"Noches Blancas" es apenas un relato, casi un suspiro, y sin embargo es capaz de condensar la ternura, la desesperación y la ridiculez de todo un ser humano que sueña demasiado. Dostoyevski no necesita grandes escenarios ni intrigas, porque aquí el verdadero escenario es el alma de un soñador, vulnerable y desarmado, que cree haber encontrado en una noche aquello que podría justificar una vida entera.
El narrador es ingenuo hasta lo patético, y en esa ingenuidad se esconde la primera crítica: la incapacidad de aceptar la vida tal cual es, la necesidad de adornarla con fantasías para poder soportarla. Y, sin embargo, esa fragilidad se convierte en una fuerza literaria arrolladora. Su voz, tan transparente, tan carente de defensas, nos incomoda porque nos refleja. Todos hemos habitado esa ilusión momentánea que se deshace con el amanecer, y todos hemos sentido cómo el recuerdo de ese instante pesa más que años enteros de existencia.
Sí, hay repeticiones, desvíos, frases que parecen estirar la confesión más allá de lo necesario. Pero esas imperfecciones no debilitan el texto: son parte de su naturaleza. El narrador prolonga su relato como quien alarga un sueño para no despertar, y en ese gesto radica la verdad de la obra. Dostoyevski convierte esa voz torpe en un espejo incómodo de nuestra propia necesidad de creer en lo imposible.
Lo verdaderamente devastador es que el lector sabe, desde el principio, que no hay esperanza.
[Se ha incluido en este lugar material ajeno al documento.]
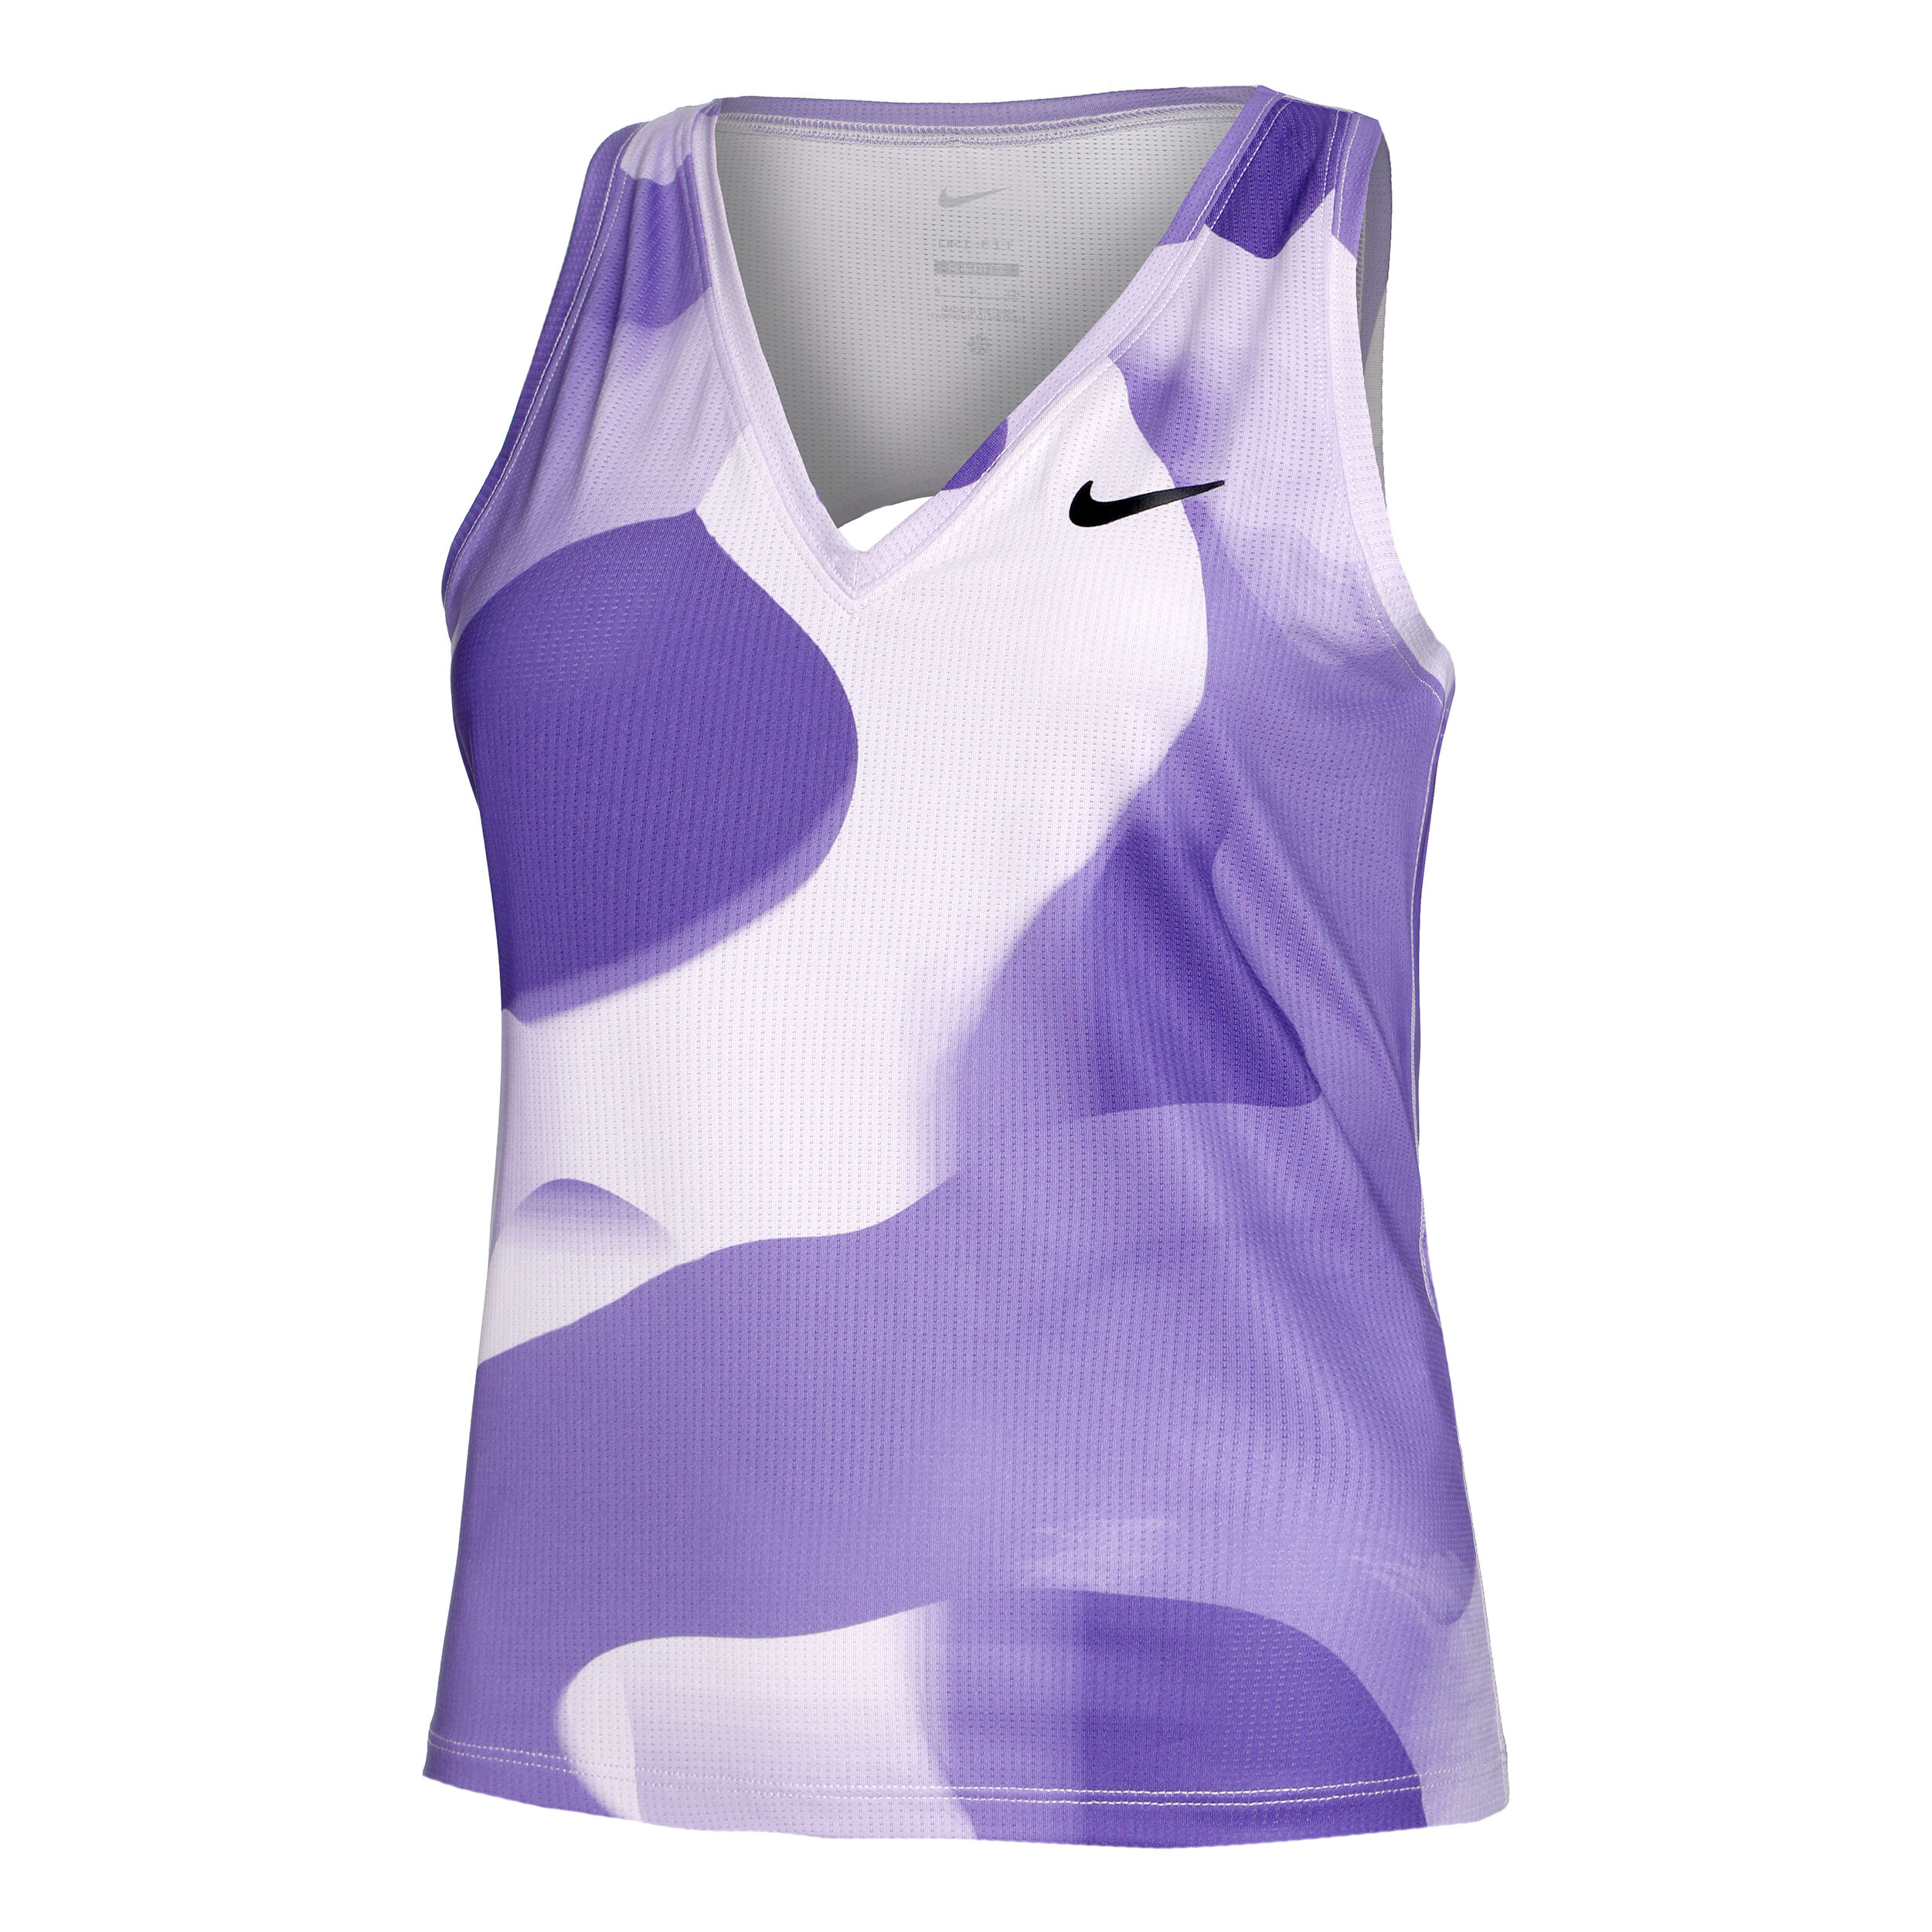 Court Victory Dri-Fit Printed Tank Top Women - Violet

El desenlace se intuye, inevitable y cruel, pero seguimos leyendo como si quisiéramos proteger al soñador, como si su ilusión pudiera sobrevivir si la acompañamos. Cuando la realidad se impone, no sorprende: duele precisamente porque sabíamos que no podía ser de otra manera.
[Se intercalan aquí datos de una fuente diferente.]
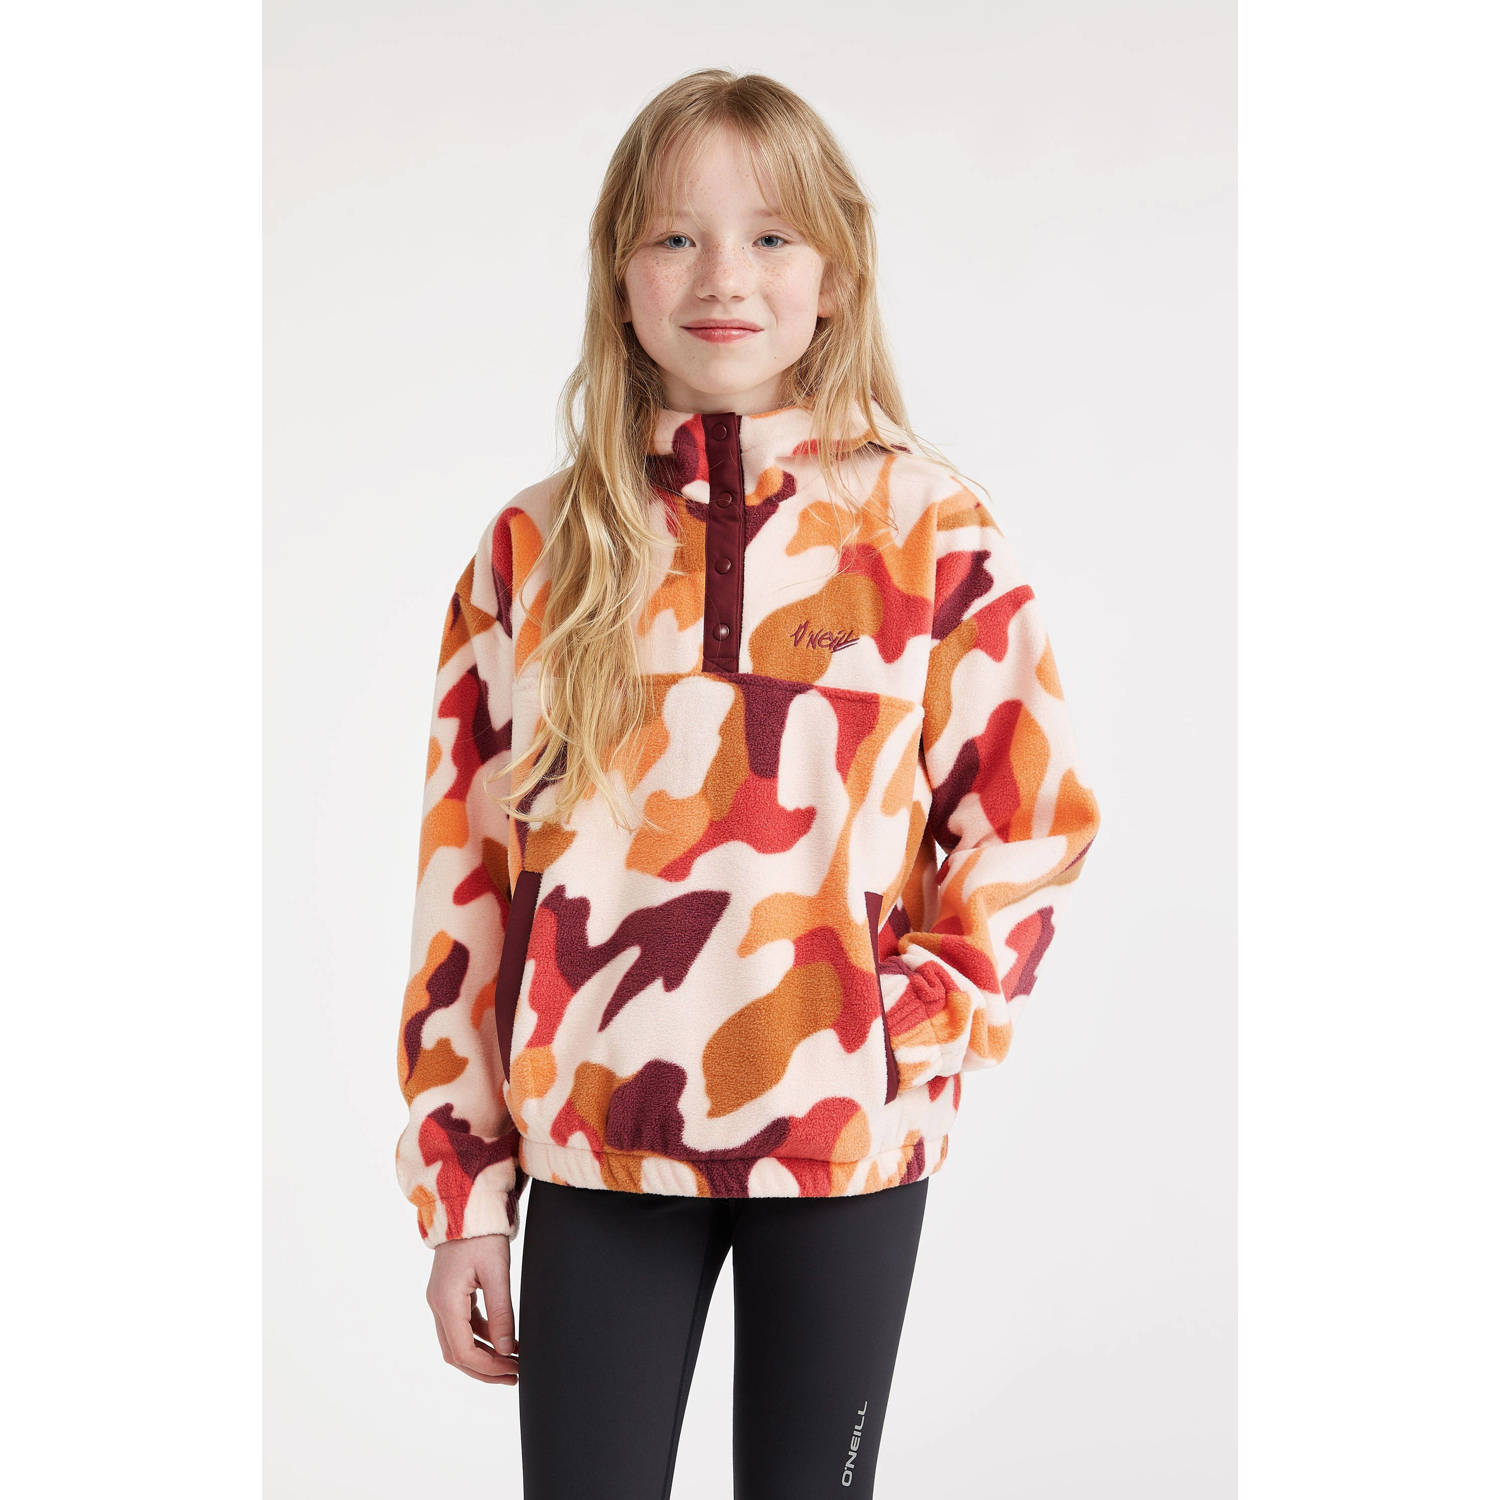 O'Neill skipully Superfleece paars roze oranje All over print 128

"Noches Blancas" no es un relato sobre el amor, sino sobre la fugacidad de la felicidad y la condena de haberla sentido alguna vez. Un texto breve, sí, pero que captura lo más difícil: esa mezcla de vergüenza y nostalgia que sentimos cuando recordamos la intensidad de un sueño perdido. Dostoyevski lo escribió como una miniatura, pero el eco que deja es el de una novela entera.
“Mi noche ha pasado como un minuto de felicidad; ¡y toda una vida no basta para pagarla!”
-Narrador
P.D: Casi na de diferencia con Tolstói eh, casi na.